Multiplication of English law books.

[62] Soule, Year Book Bibliography, in Harvard Law Review, vol. XIV., p. 564: ‘In 1553 the field of Year-Book publication was entered by Richard Tottell, who for thirty-eight years occupied it so fully as to admit no rival. There are about 225 known editions of separate Years or groups of Years which bear his imprint or can be surely attributed to his press.… He is pre-eminently the publisher of Year Books, and he so completely put them ‘in print’ and so cheapened their price that he evidently made them a popular and profitable literature.’

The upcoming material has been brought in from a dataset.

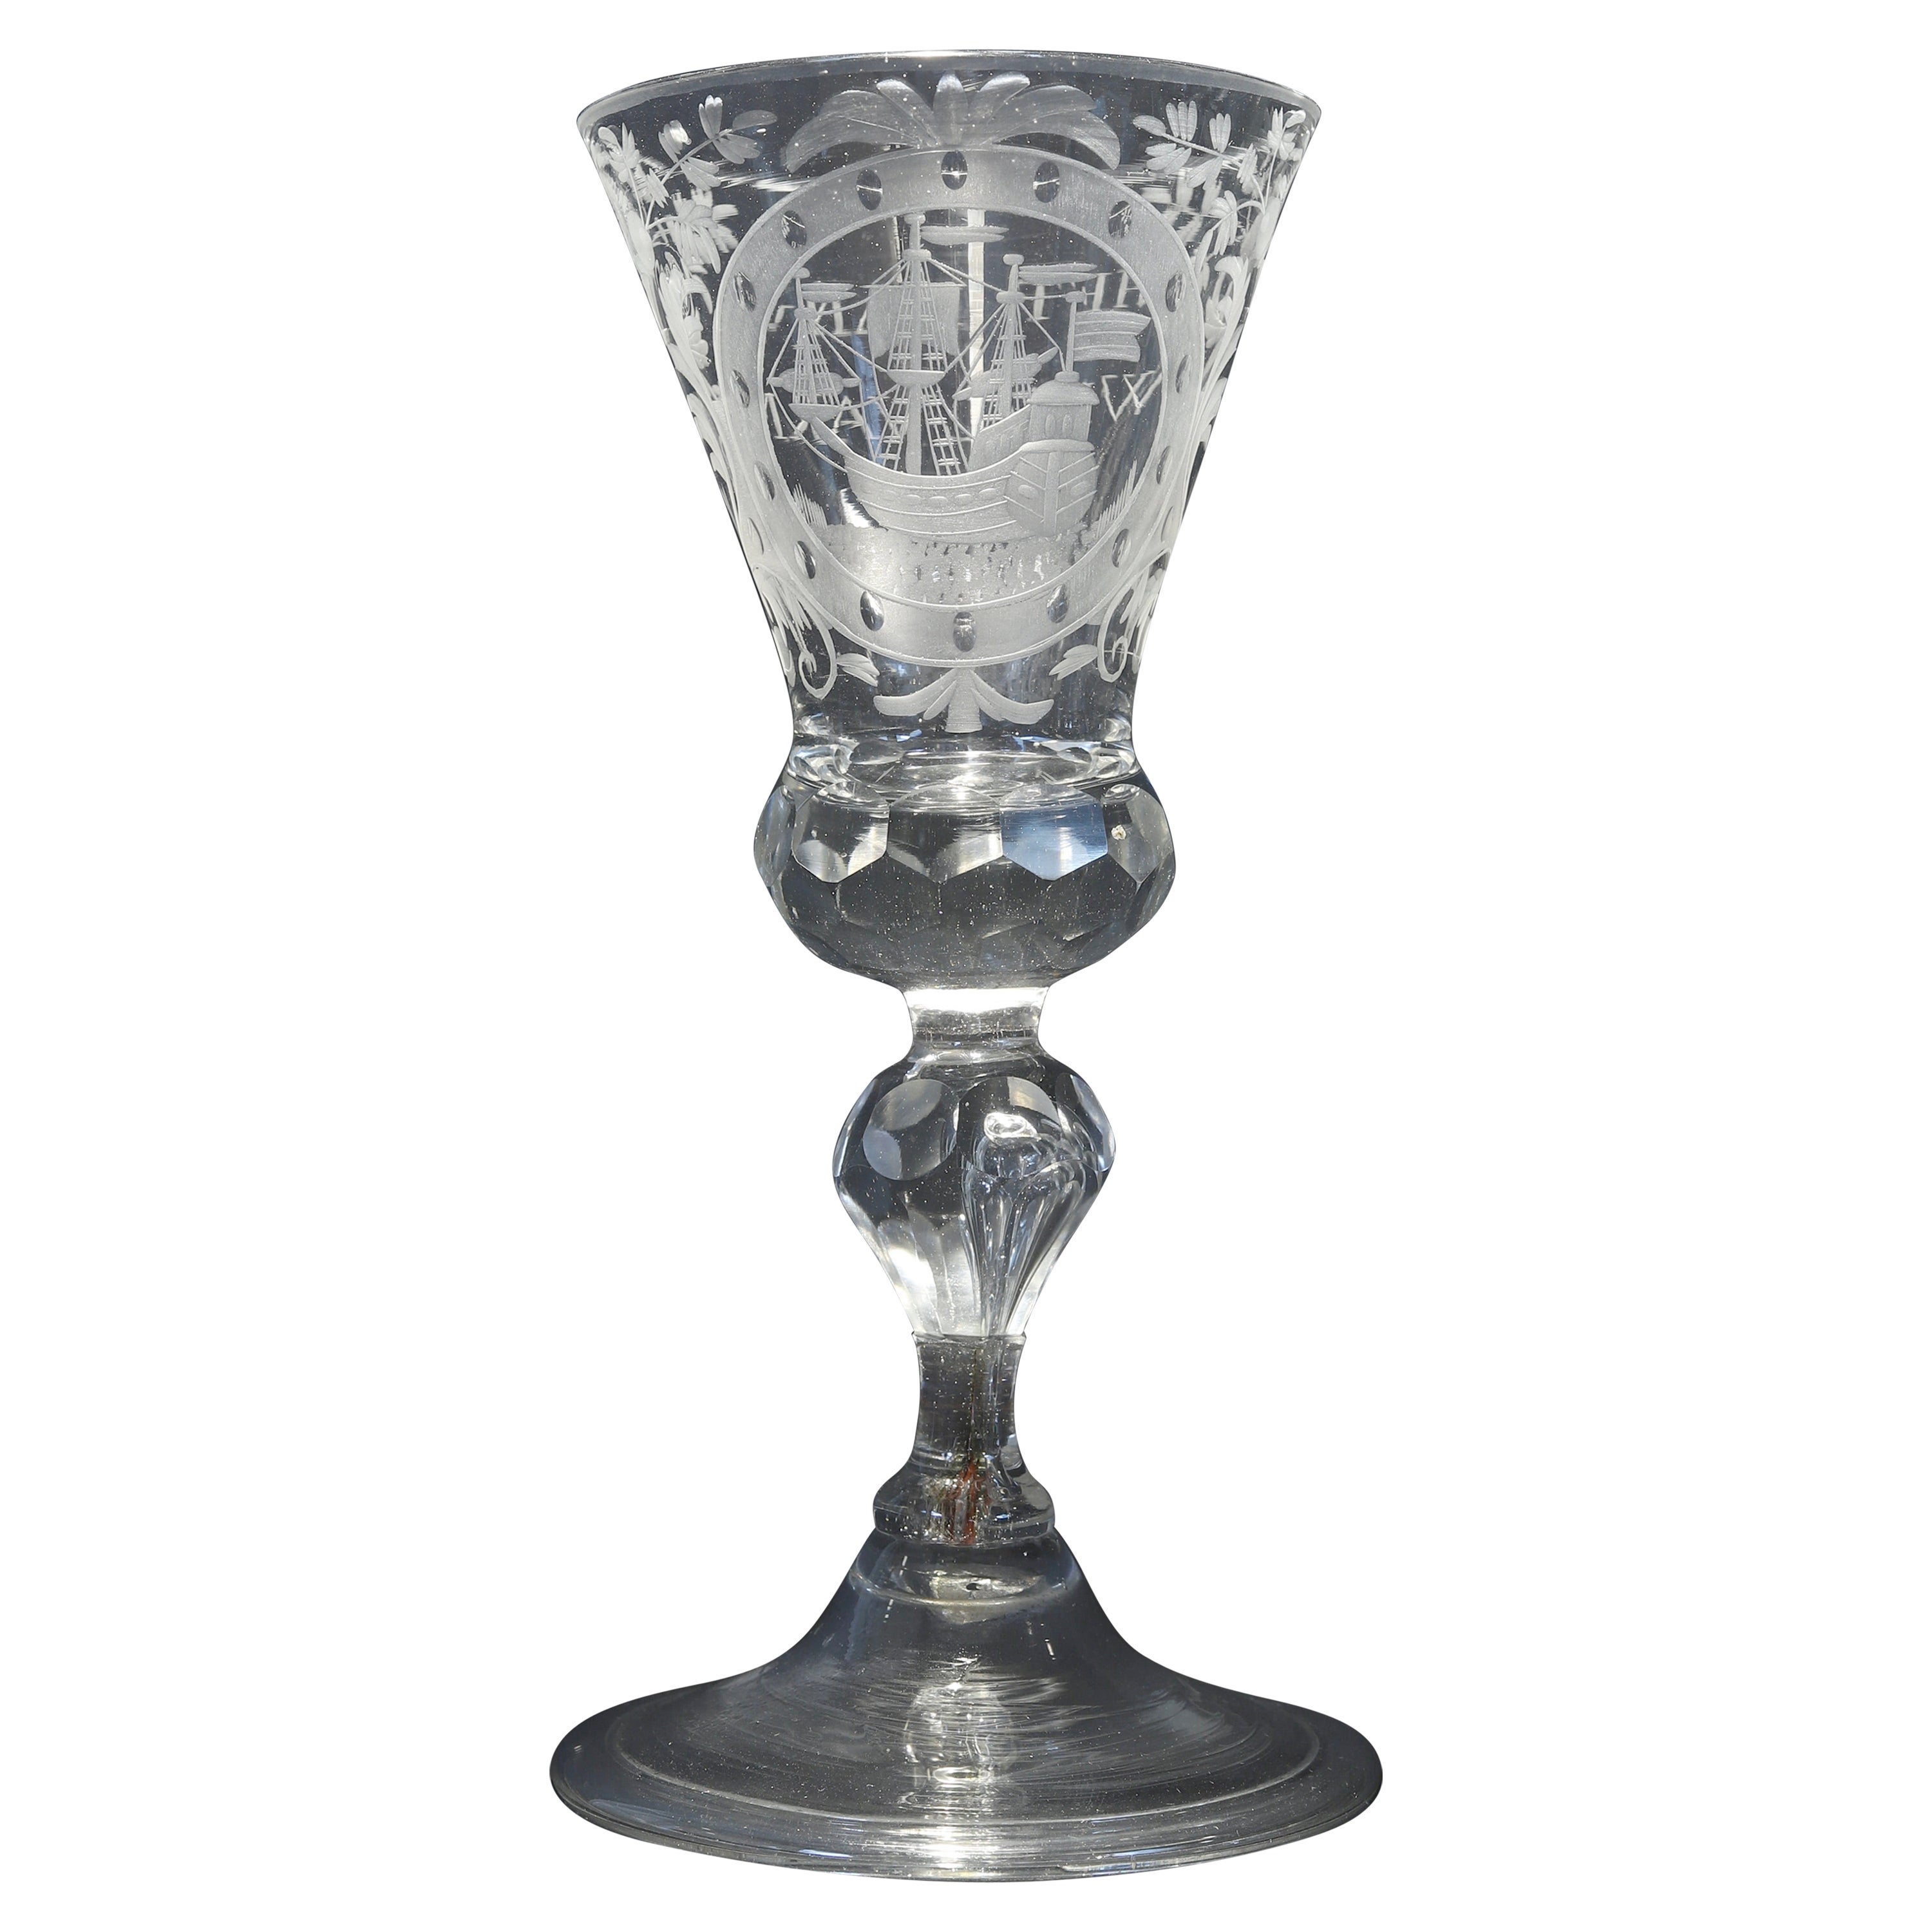 A Dutch Engraved Prosperity of the Trade Wine Glass, Mid 18th Century For Sale

In 1550 an English lawyer’s library of printed books might apparently have comprised (besides some Statutes and Year Books) Littleton’s Tenures, The Old Tenures, Statham’s Abridgement, Fitzherbert’s Abridgement, Liber Intrationum, The Old Natura Brevium, perhaps a Registrum Brevium (if that book, printed in 1531, was published before 1553), Institutions or principal grounds etc. [1544], Carta feodi simplicis, [Phaer’s] New book of presidentes, Diversite de courts, Novae Narrationes, Articuli ad novas narrationes, Modus tenendi curiam baronis, Modus tenendi unum hundredum, Fitzherbert’s Justice of the Peace, Perkins’s Profitable Book, Britton, Doctor and Student. A great part of what was put into print was of medieval origin and had been current in manuscript. In 1600 the following might have been added: Glanvill, Bracton, Fitzherbert’s Natura Brevium, Broke’s Abridgement, Broke’s New Cases, Rastell’s Entries, Staundford’s Prerogative and Pleas of the Crown, Crompton’s Justice of the Peace, Crompton’s Authority of Courts, West’s Symbolæography, Theloall’s Digest, Smith’s Commonwealth, Lambard’s Archaionomia and Eirenarcha, Fulbecke’s Direction or Preparative to the Study of the Law [1600], Plowden’s Commentaries, Dyer’s Reports and the first volume of Coke’s Reports [1600]. This represents a great advance. Already Fulbecke in his curious book (which was reprinted as still useful in 1829) attempts a review of English legal literature: a critical estimate of Dyer, Plowden, Staundford, Perkins and other writers. Lambard’s revelation of the Anglo-Saxon laws was not unimportant, for a basis was thus laid for national boasts; and, but for the publication of Glanvill, Bracton and Britton, the work that was done by Coke would have been impossible.

Were any books about Roman law printed in England before 1600, except a few of Gentili’s?